Verizon (VZ -0.91%) is coming off a terrific 2012. Sales and free cash flows are running at record highs; the margin damage that followed from introducing the Apple (AAPL 0.94%) iPhone in 2011 has been repaired; and the stock has crushed its fellow Dow Jones (^DJI -0.18%) components lately:

VZ Total Return Price Chart

VZ Total Return Price data by YCharts.

So, what's in store for 2013? Can Big Red stay strong and deliver another year of terrific shareholder returns?

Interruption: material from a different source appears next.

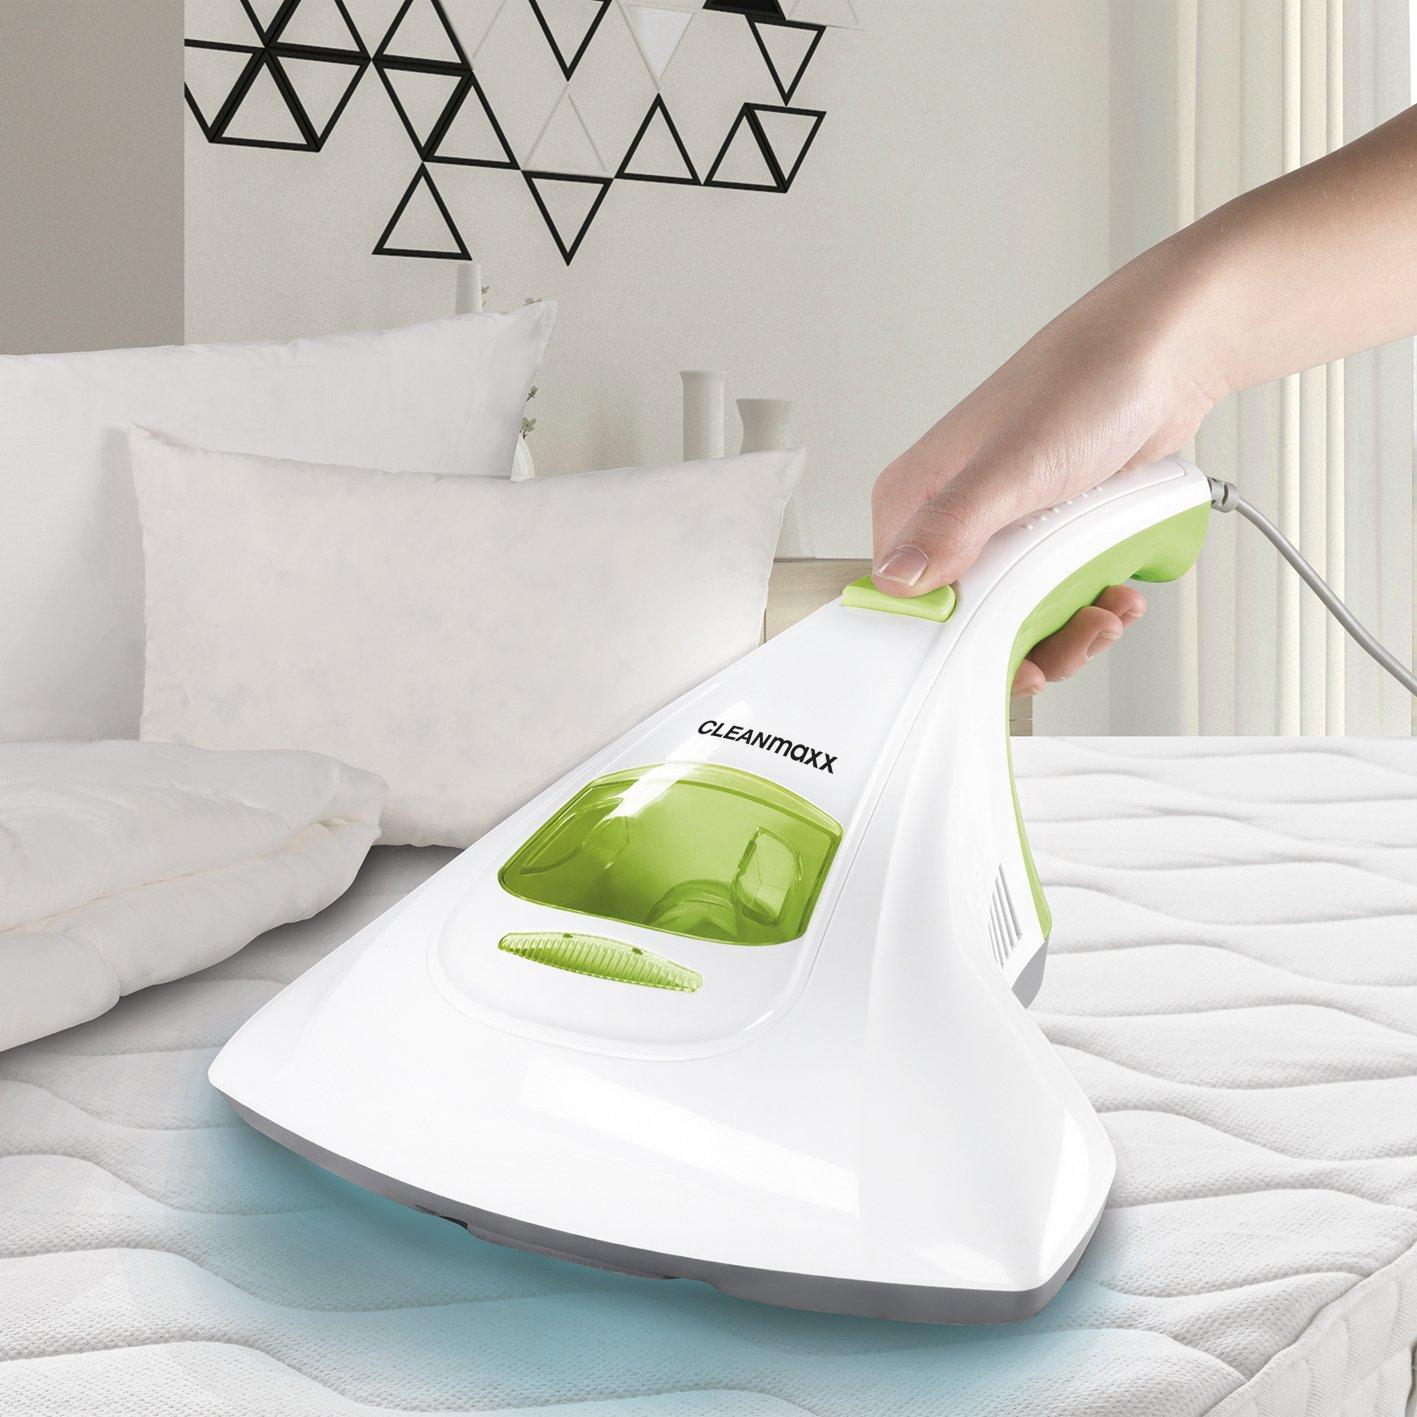 CLEANmaxx 02243 Aspirabriciole Senza Sacchetto | Aspirapolvere per materassi | Aspirapolvere Antiacari

The industry is changing at breakneck speed. Smaller rival T-Mobile USA and MetroPCS (TMUS 0.09%) are merging in an attempt to create economies of scale. Troubled third-place network Sprint Nextel (S) is set to get a new lease on life if Japanese peer Softbank's pending bid for a 70% stake in the company is approved. Sprint could end up with the strongest wireless spectrum assets in the industry if everything works out -- its own bid for Clearwire (NASDAQ: CLWR) depends on regulatory approval and Softbank's cash.

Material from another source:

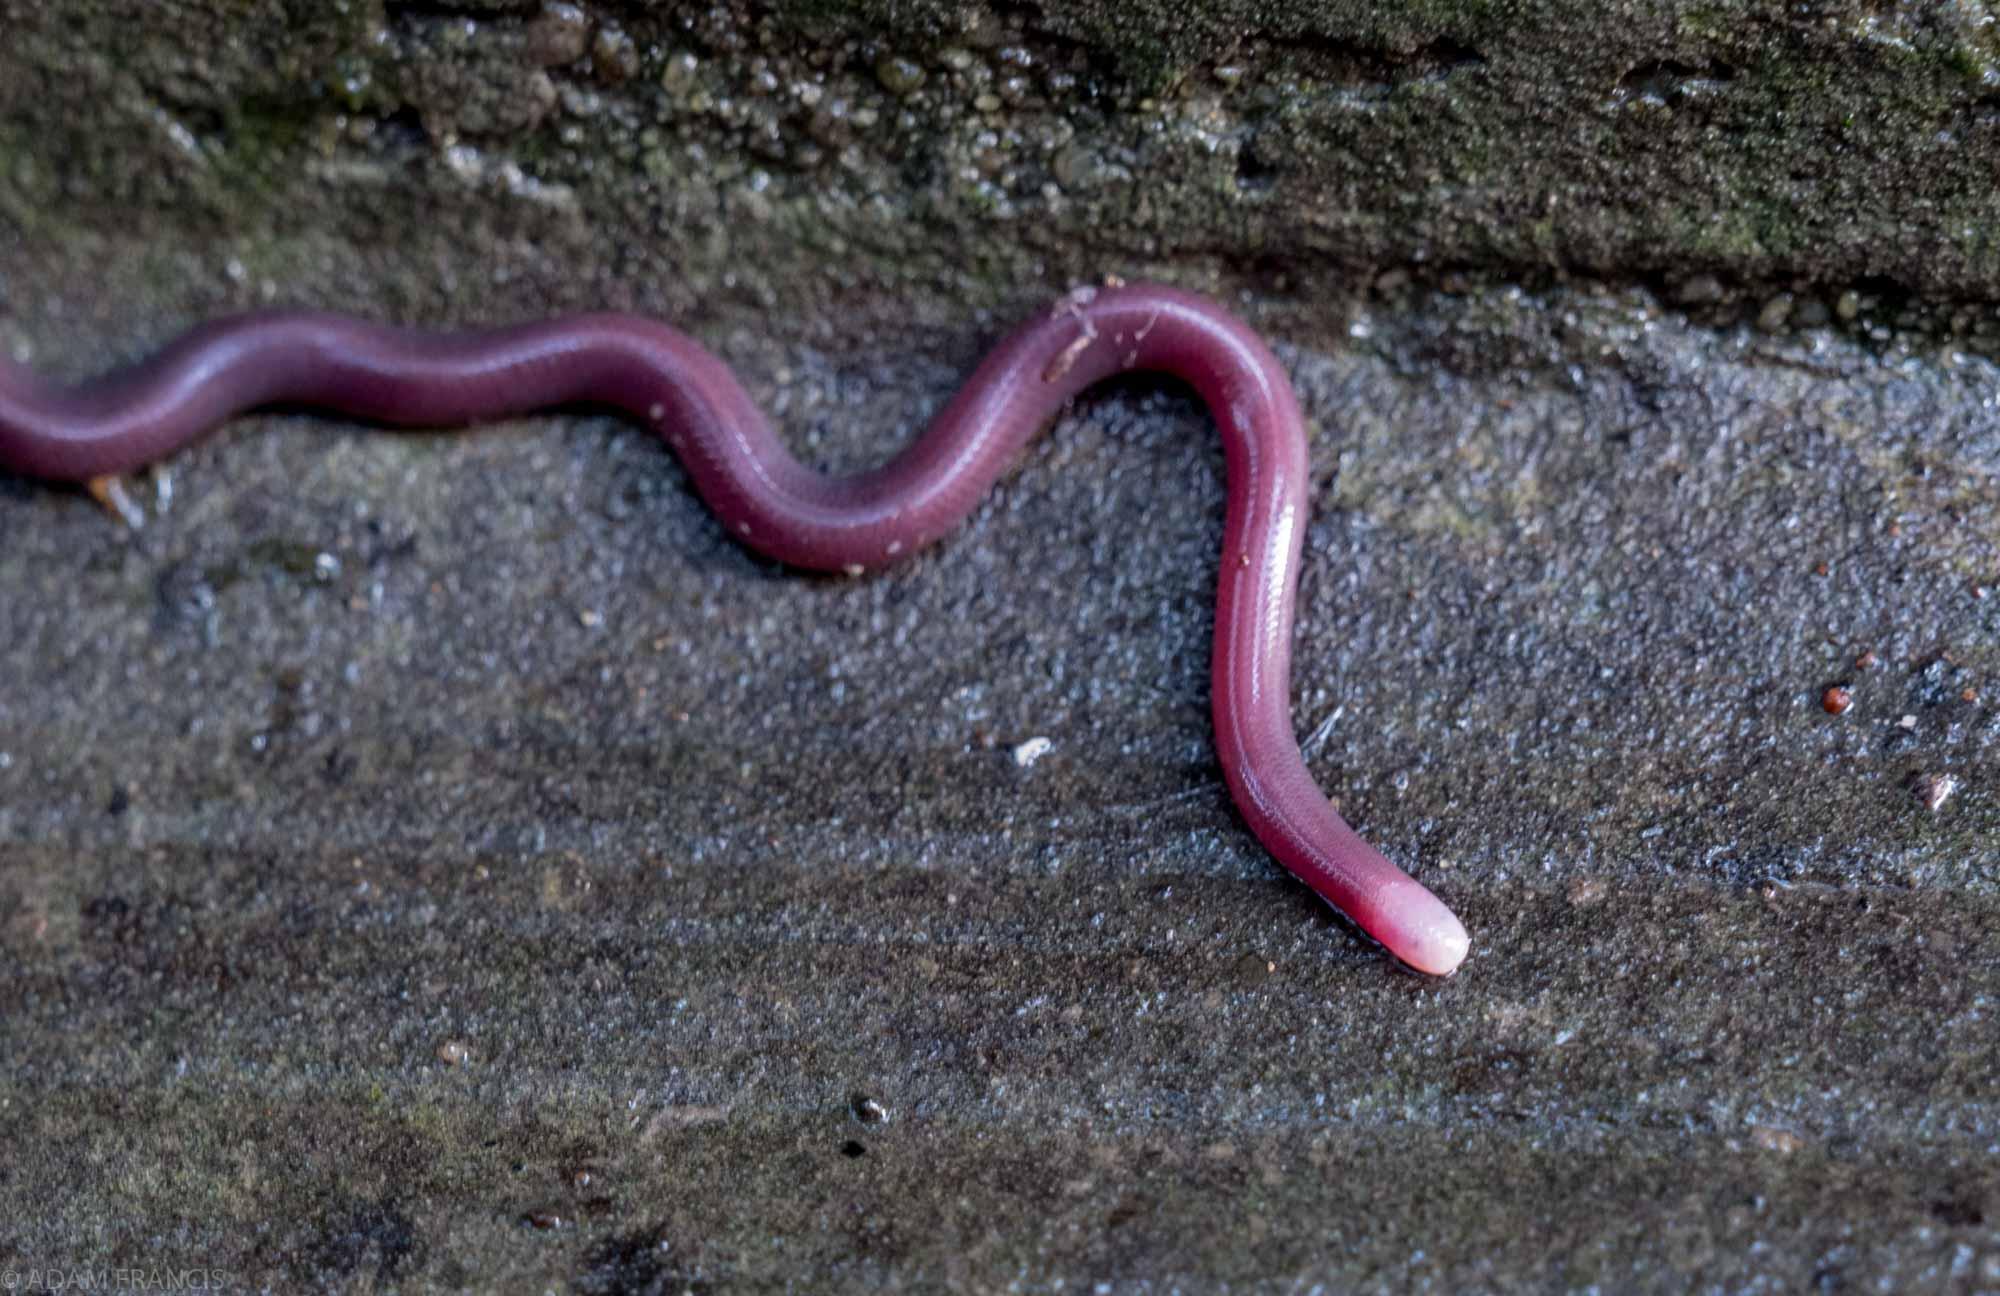 Copy of White-headed & Lazell's Blind Snake

So, the earth is moving under Verizon and AT&T's (T 1.42%) feet. Assuming that all of these pending transactions clear their approval hurdles and become reality, the wireless industry will look very different by the end of 2013.

But this isn't Verizon's first rodeo. The company managed the move from wireline to wireless just fine, becoming a nationwide giant in the process. The sea change from simple talk-only handsets to feature phones and now smartphones didn't bring Big Red down, either -- even if the company was left flat-footed without an iPhone at the start of the smartphone era. Verizon simply found a way to stay in the game.

So maybe we're all moving to low-cost data plans without a voice component, or dropping handset subsidies in favor of more honest pricing. Or perhaps these changes will take years to materialize.

Either way, Verizon has the resources and the street smarts to stay relevant in any market environment. I wouldn't bet against Big Red in 2013.